Sleep disorders in children with cerebral palsy
To determine the frequency and predictors of sleep disorders in children with cerebral palsy (CP) we analyzed the responses of 173 parents who had completed the Sleep Disturbance Scale for Children. The study population included 100 males (57.8%) and 73 females (42.2%; mean age 8y 10mo [SD 1y 11mo]; range 6y–11y 11mo). Eighty-three children (48.0%) had spastic diplegia, 59 (34.1%) congenital hemiplegia, 18 (10.4%) spastic quadriplegia, and 13 (7.5%) dystonic/dyskinetic CP. Seventy-three children (42.2%) were in Gross Motor Function Classification System Level I, 33 (19.1%) in Level II, 30 (17.3%) in Level III, 23 (13.3%) in Level IV, and 14 (8.1%) in Level V. Thirty children (17.3%) had epilepsy. A total sleep problem score and six factors indicative of the most common areas of sleep disorder in childhood were obtained. Of the children in our study, 23% had a pathological total sleep score, in comparison with 5% of children in the general population.
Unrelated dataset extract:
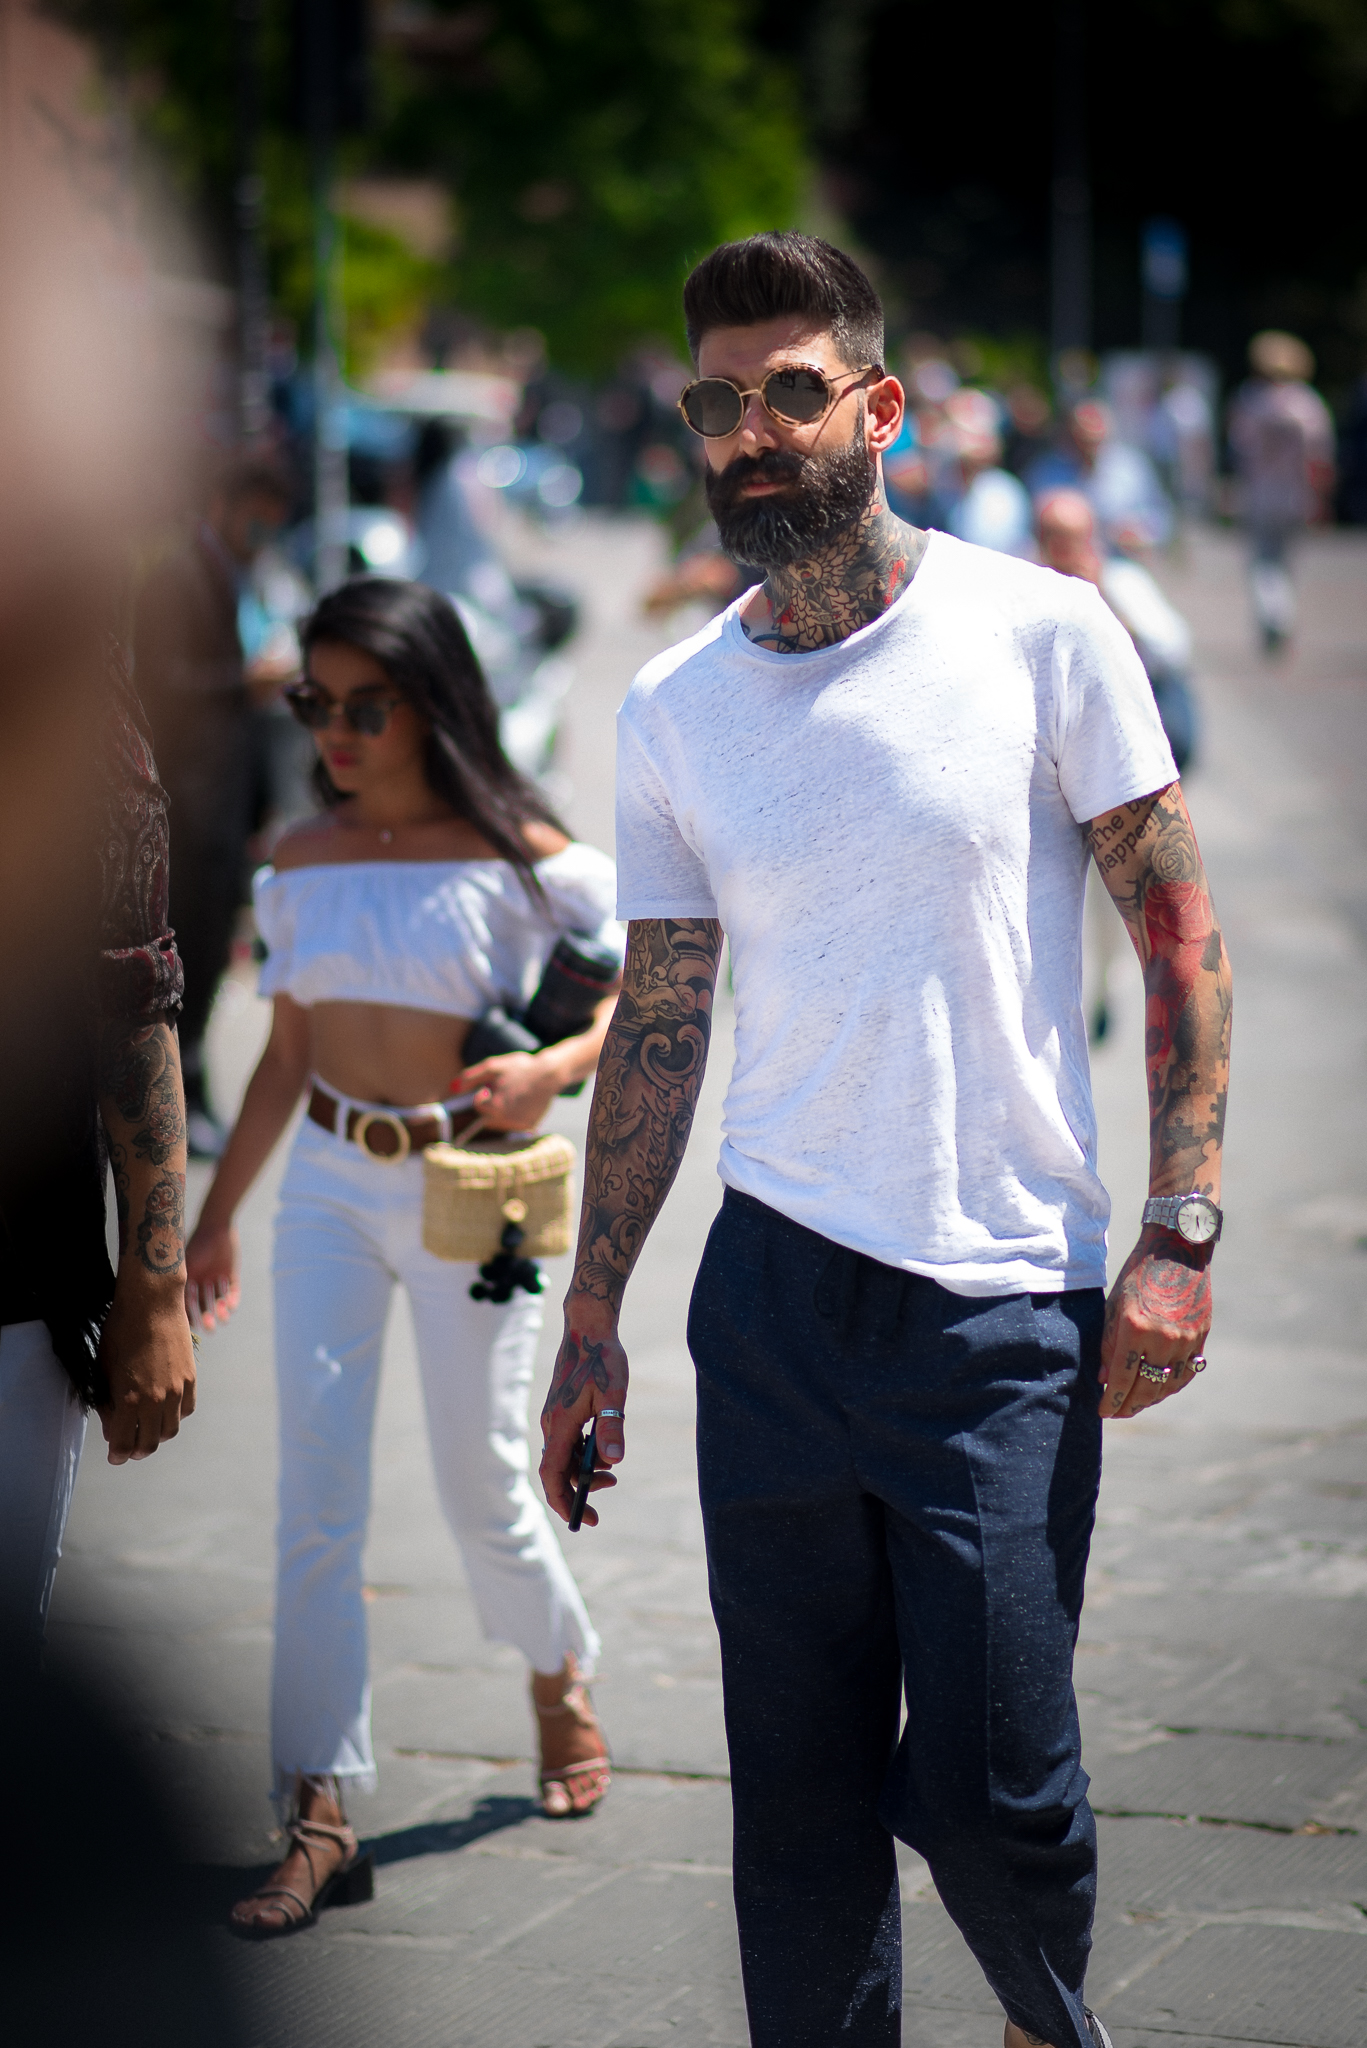 Carlos Costa_Street Style_Pitti Uomo_Firenze_Florence_13 June 2017_Photography Annika Lagerqvist_www.annikasomething.com

Difficulty in initiating and maintaining sleep, sleep–wake transition, and sleep breathing disorders were the most frequently identified problems. Active epilepsy was associated with the presence of a sleep disorder (odds ratio [OR]=17.1, 95% confidence interval [CI] 2.5–115.3), as was being the child of a single-parent family (OR=3.9, 95% CI 1.3–11.6). Disorders of initiation and maintenance of sleep were more frequent in children with spastic quadriplegia (OR=12.9, 95% CI 1.9–88.0), those with dyskinetic CP (OR=20.6, 95% CI 3.1–135.0), and those with severe visual impairment (OR=12.5, 95% CI 2.5–63.1). Both medical and environmental factors seem to contribute to the increased frequency of chronic sleep disorders in children with CP.